Gli Stati Uniti e la Russia appaiono presi in una spirale crescente confronto che sta portando a una corsa agli armamenti nucleari e rende ogni crisi estremamente più esplosiva.
Se, come sembra, la riduzione del rischio nucleare è il massimo obiettivo che oggi possiamo ragionevolmente perseguire, è necessario esaminare in dettaglio le varie cause e cercare per ciascuna le azioni necessarie a ridurne gli effetti verso uno stato di stabilità a rischio minimo.
Chiaramente, i problemi sono squisitamente di natura politica e possono venir attenuati solo con un cambiamento di atteggiamento fra la Russia e le controparti europee e gli Stati Uniti, basato sulla ripresa del dialogo a tutti i livelli senza precondizioni di sorta, la comprensione delle reciproche percezioni di insicurezza e il riconoscimento del comune rischio nucleare, la sospensione degli sviluppi militari più destabilizzanti.

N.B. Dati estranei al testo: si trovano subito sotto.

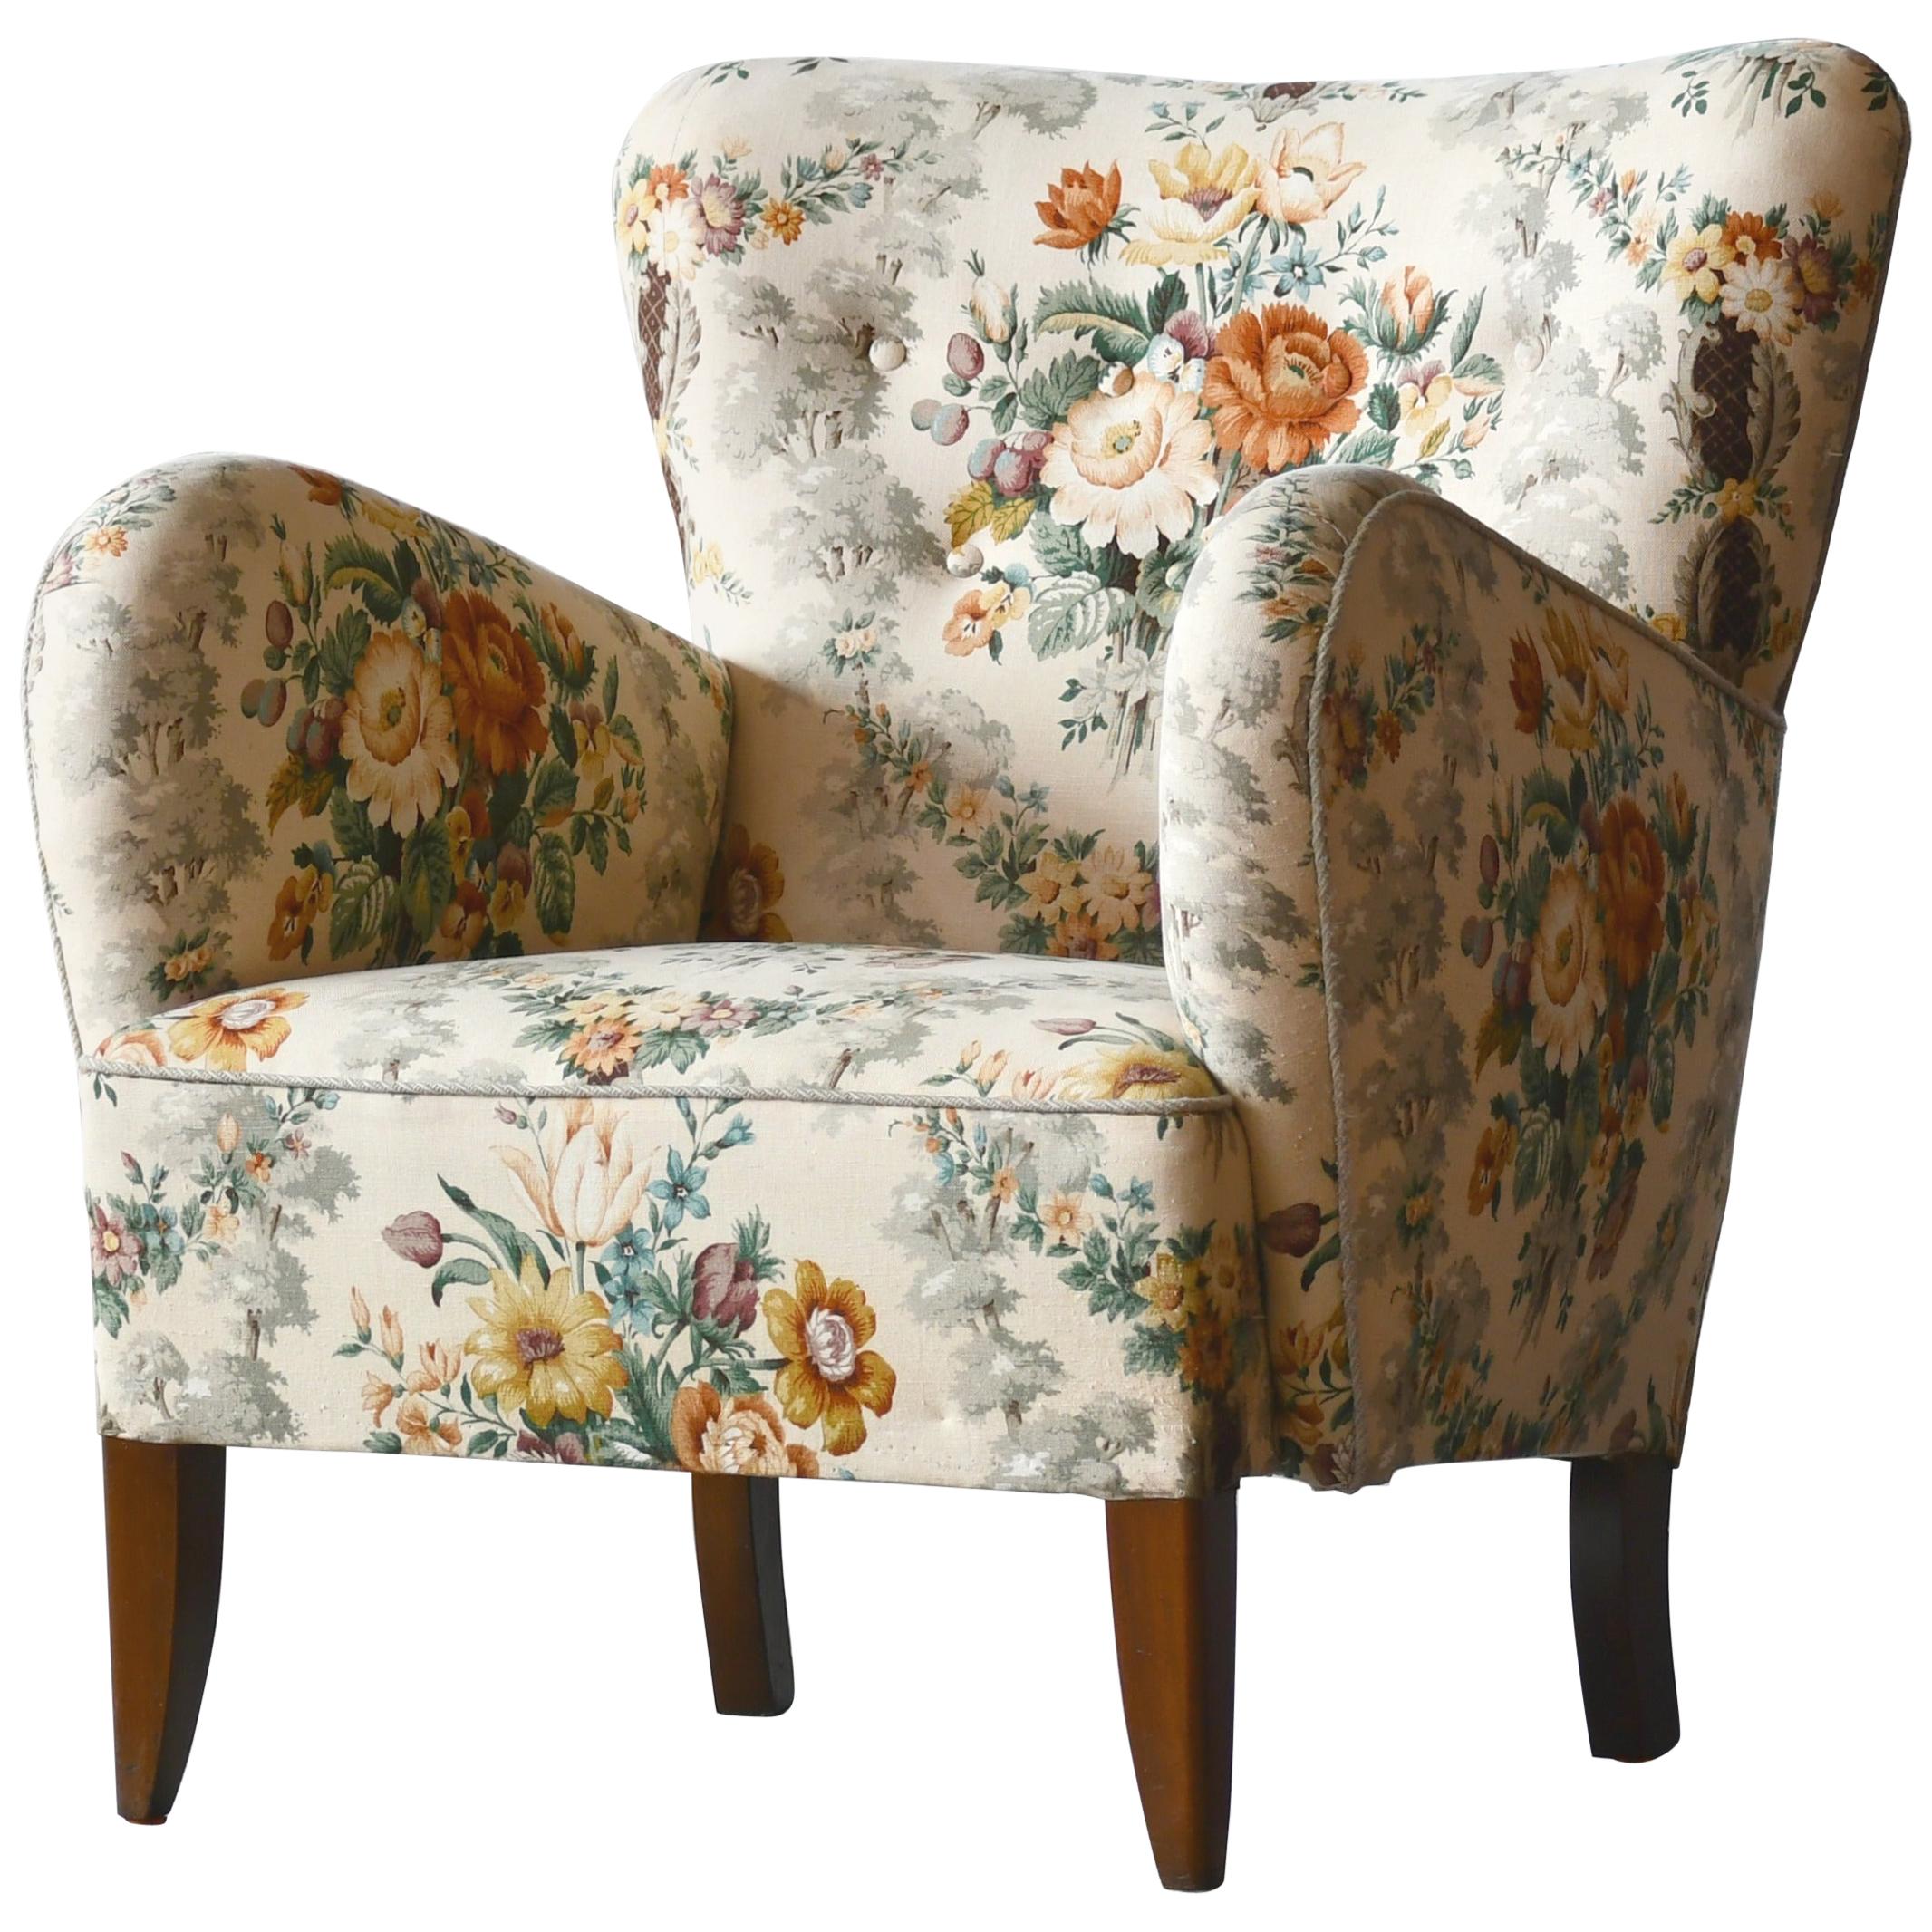 Danish Midcentury 1940s Flemming Lassen Style Lounge Chair in Floral Fabric

Data l’attuale politica americana di chiusura al dialogo, i singoli paesi europei e la Comunità europea dovrebbero essere protagonisti in quest’opera di alleviamento dell’ostilità e della diffidenza con la Russia.
Compito di tutti coloro che sentino la gravità del rischio nucleare è quindi di fare le necessarie pressioni sui propri governanti per una nuova fase di distensione in Europa e la costruzione di una comune sicurezza.